Before opening funding webview, show:

• amount to pay;
• transfer reference;
• recipient summary;
• payment method summary where available.

Message example:

You will now securely complete payment.

After return:

Checking your payment status...

If funding is pending:

Your payment is being processed. We will update the transfer status shortly.
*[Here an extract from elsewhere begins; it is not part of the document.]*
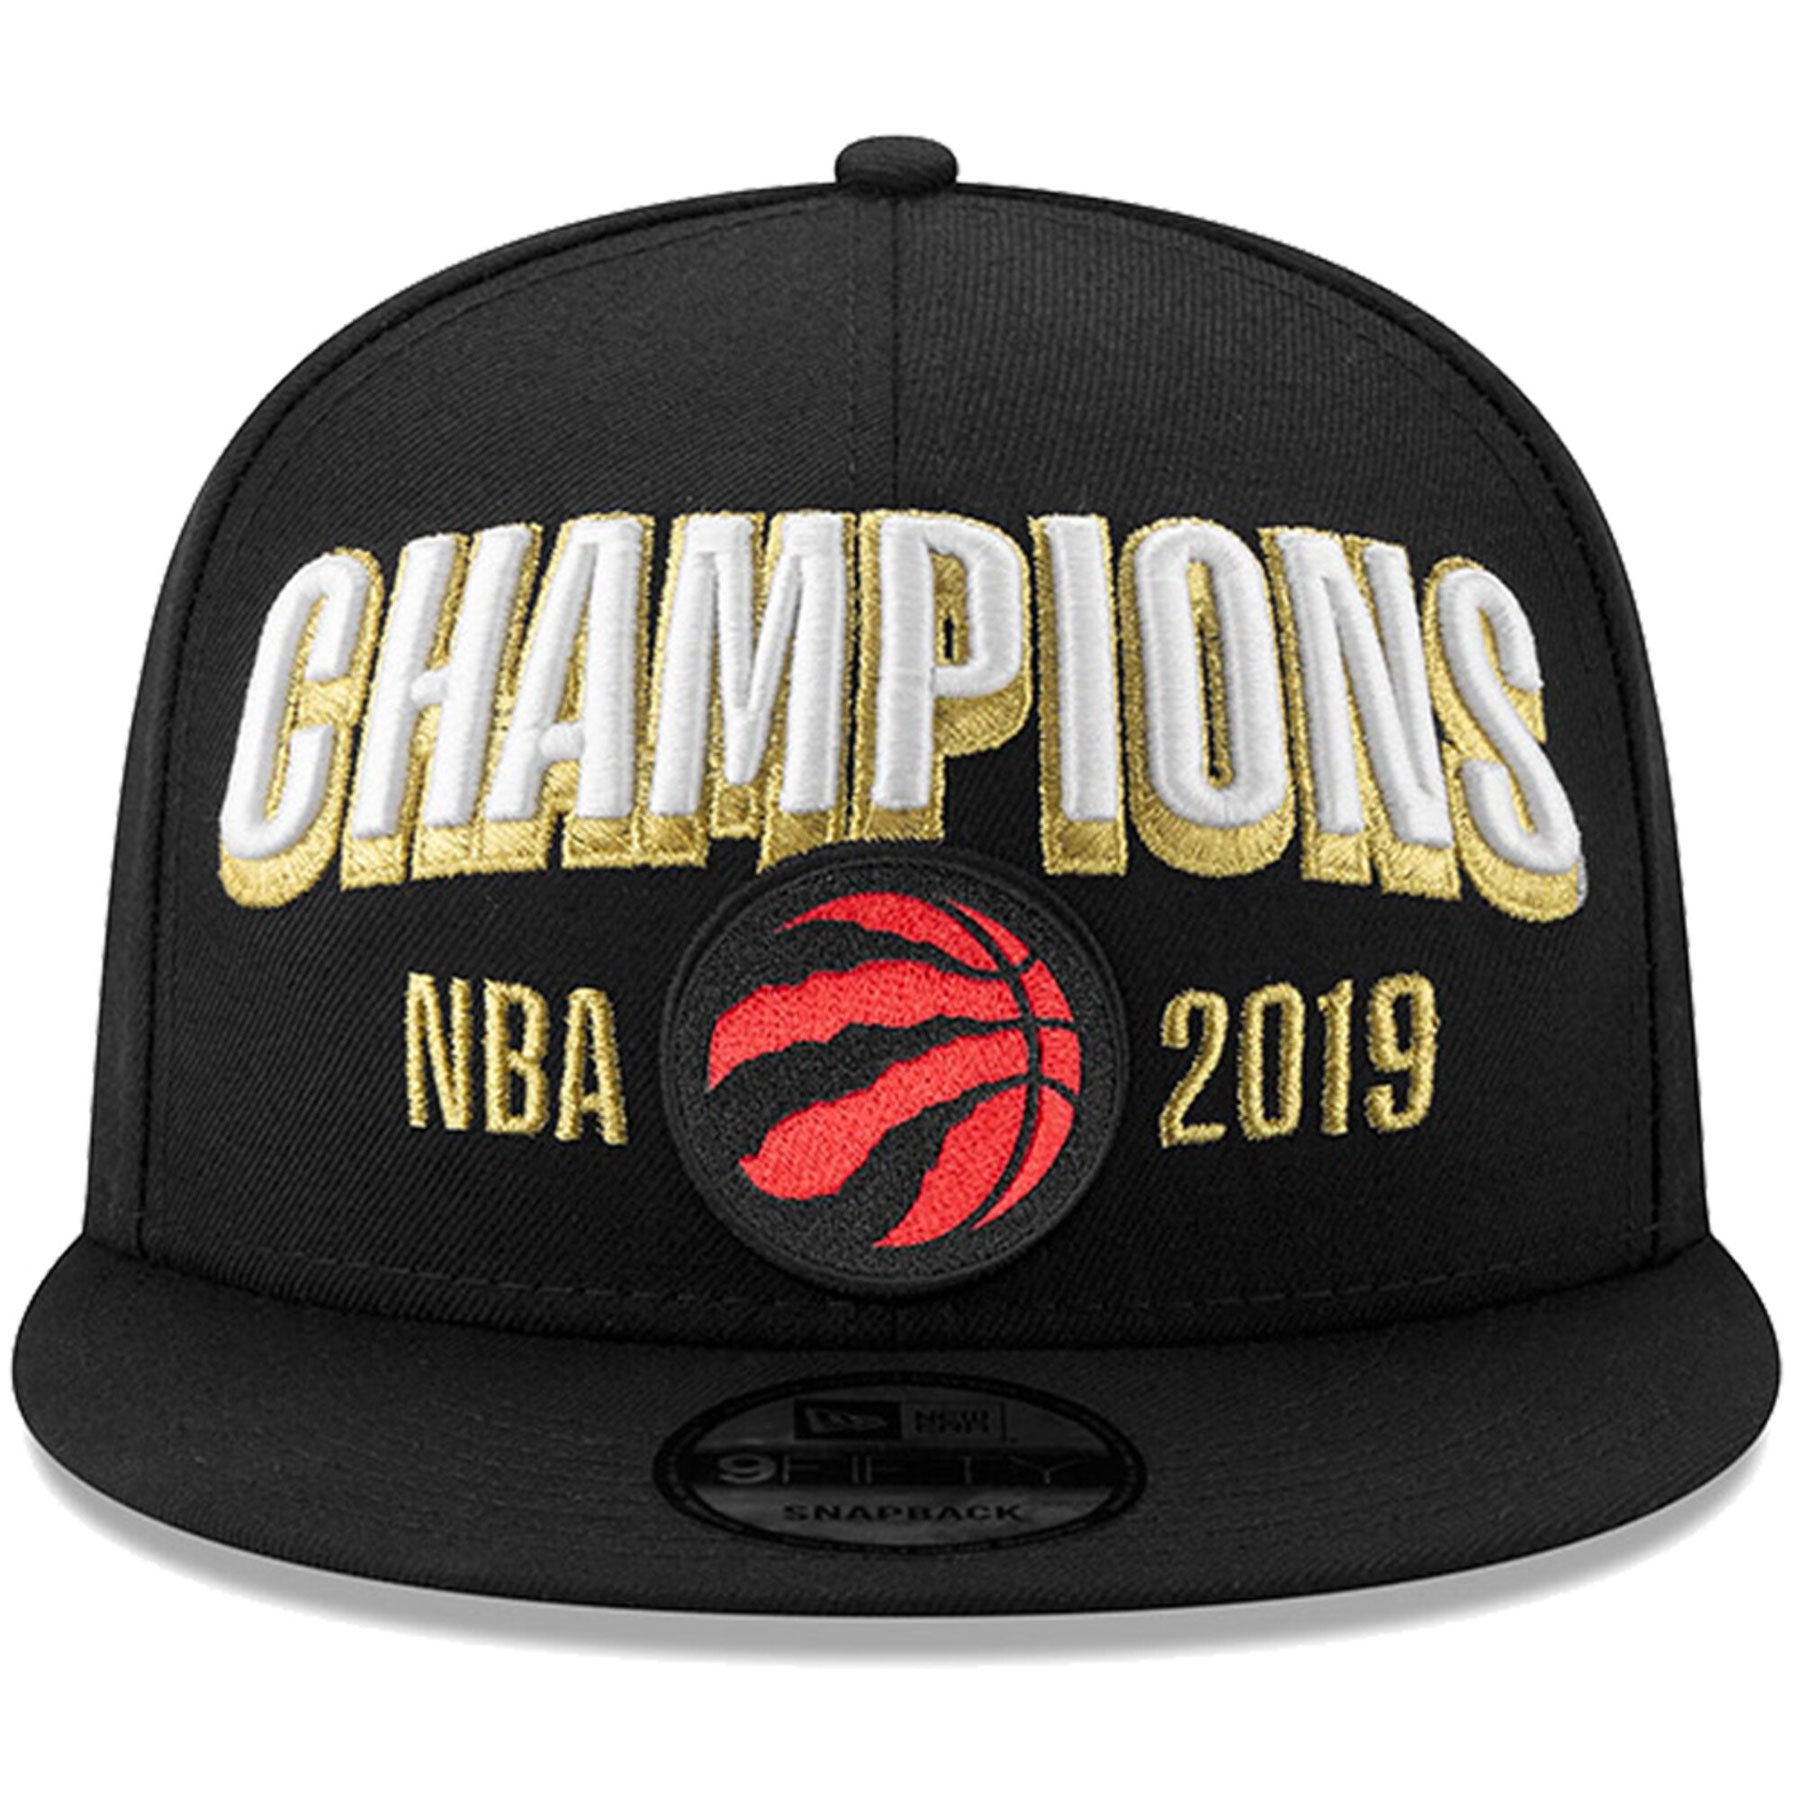 New Era Black 2019 NBA Finals 
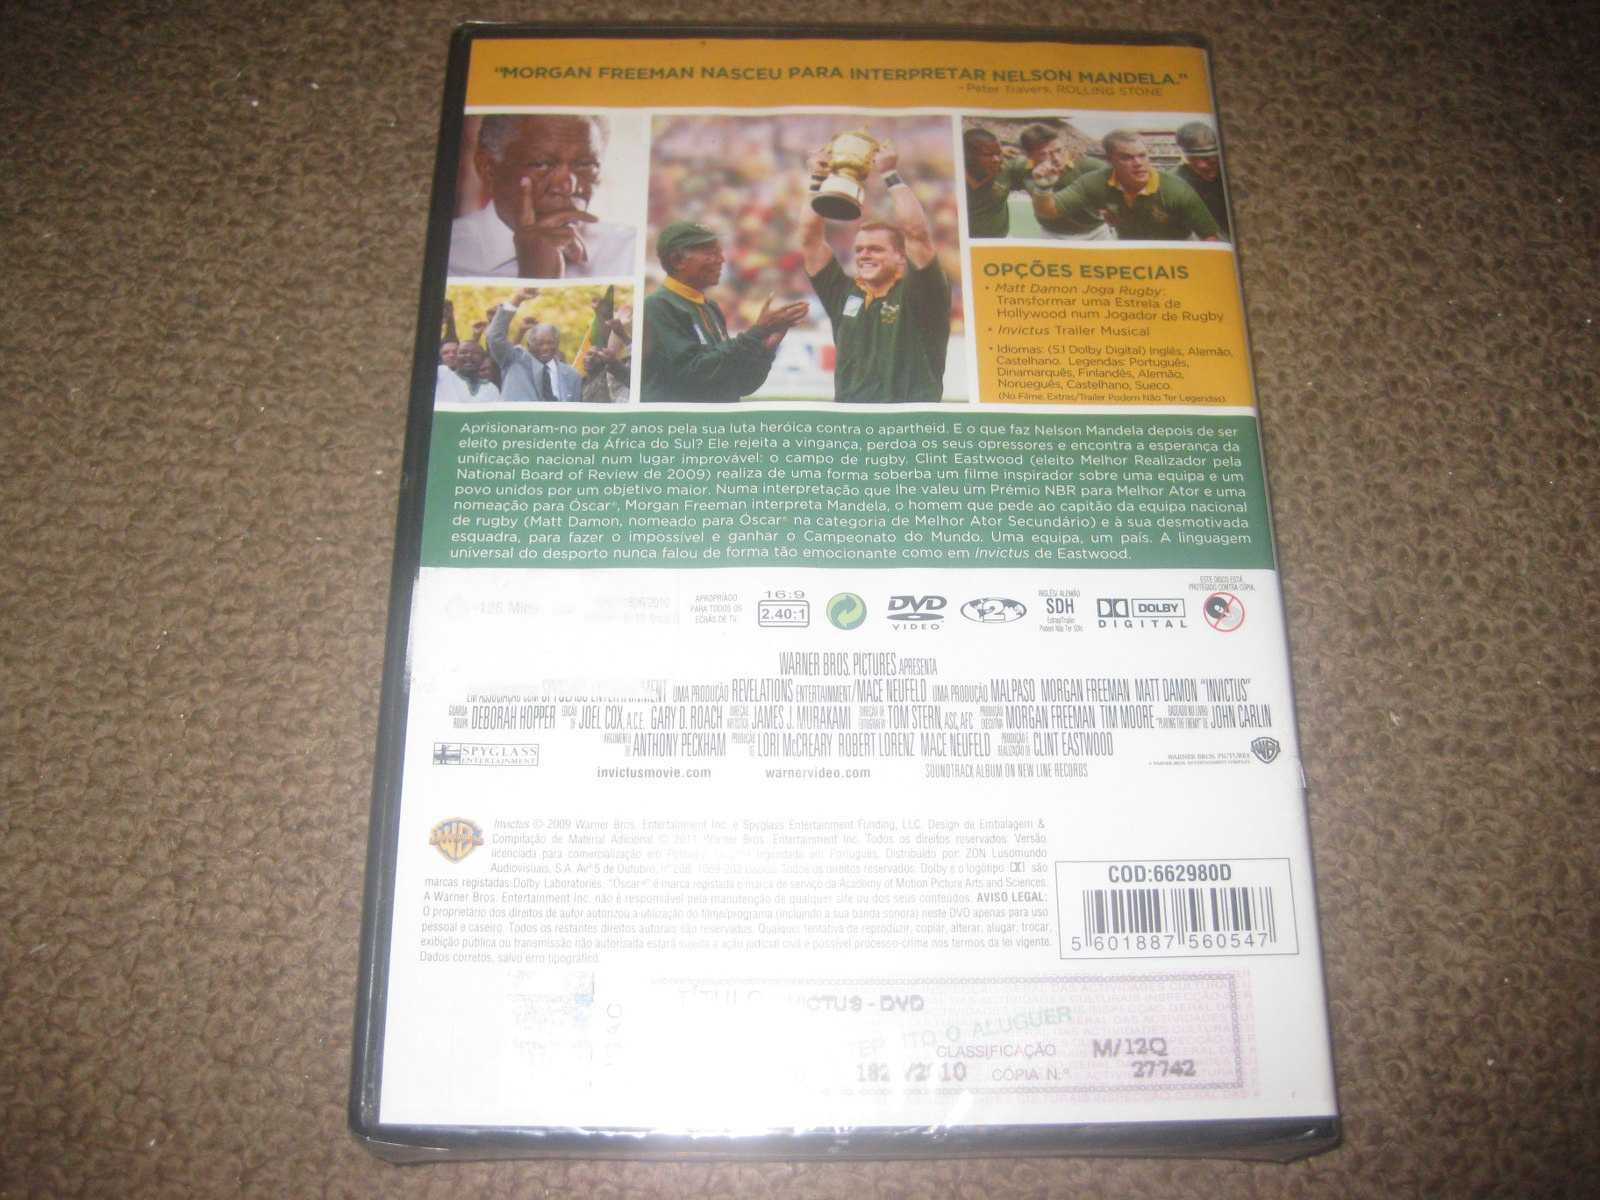 DVD "Invictus" com Matt Damon/Selado!

If funding failed or cancelled:

Payment was not completed. Please review the transfer and try again if available.

---

16. Polling after webview close

After the webview closes, poll the relevant API.

KYC polling

GET /v1/core/kyc-sessions/{kycSessionId}

Recommended polling:

Immediate check
Wait 2 seconds
Wait 5 seconds
Wait 10 seconds
Then show pending state if not final

Transfer polling

GET /v1/core/transfers/{transferId}

Recommended polling:

Immediate check
Wait 2 seconds
Wait 5 seconds
Wait 10 seconds
Then show latest returned state

Avoid aggressive polling.

---

17. Webview security rules

The partner app must:

• open only URLs returned by the API;
• validate that the URL host is expected;
• not modify URL query parameters unless instructed;
• not inject JavaScript;
• not inspect sensitive form fields;
• not store sensitive values entered into the webview;
• not use the webview to bypass API state checks;
• not assume webview completion without API verification.

---

18. URL validation

Before opening a webview URL, the partner app should check:

• URL is HTTPS;
• URL host is expected;
• URL is not empty;
• URL has not obviously expired if expiry is returned;
• URL belongs to the current customer journey.

Example expected host:

api.yes.cash

---

19. Handling errors from webview launch

---

20. App resume checklist

When the app resumes after webview:

• restore customer session;
• check access-token validity;
• refresh token if needed;
• fetch latest KYC or transfer state;
• show next action;
• log correlation ID;
• do not repeat the previous POST action unless required and idempotent.

---

21. Common implementation mistakes

---

22. Support information to provide

When escalating a webview issue, provide:

• webview type: KYC or funding;
• timestamp;
• customer journey step;
• endpoint that returned the URL;
• kycSessionId or fundingSessionId;
• transferId, if funding-related;
• X-Correlation-Id;
• browser or app component used;
• device OS and app version;
• sanitized error message or screenshot, if allowed.

Do not send:

• customer identity document images;
• payment instrument data;
• access tokens;
• refresh tokens;
• passwords;
• OTP values.

---

23. Certification checklist

Before go-live, confirm:

• KYC webview opens correctly;
• KYC webview return is handled;
• KYC status is fetched after return;
• KYC timeout is handled;
• funding webview opens correctly;
• funding webview return is handled;
• transfer detail is fetched after return;
• customer cancellation is handled;
• expired webview sessions are handled;
• duplicate webview launches are prevented;
• token refresh works after app resume;
• app state survives background/foreground transition;
• support logs include correlation ID and session IDs;
• no sensitive webview data is logged or scraped.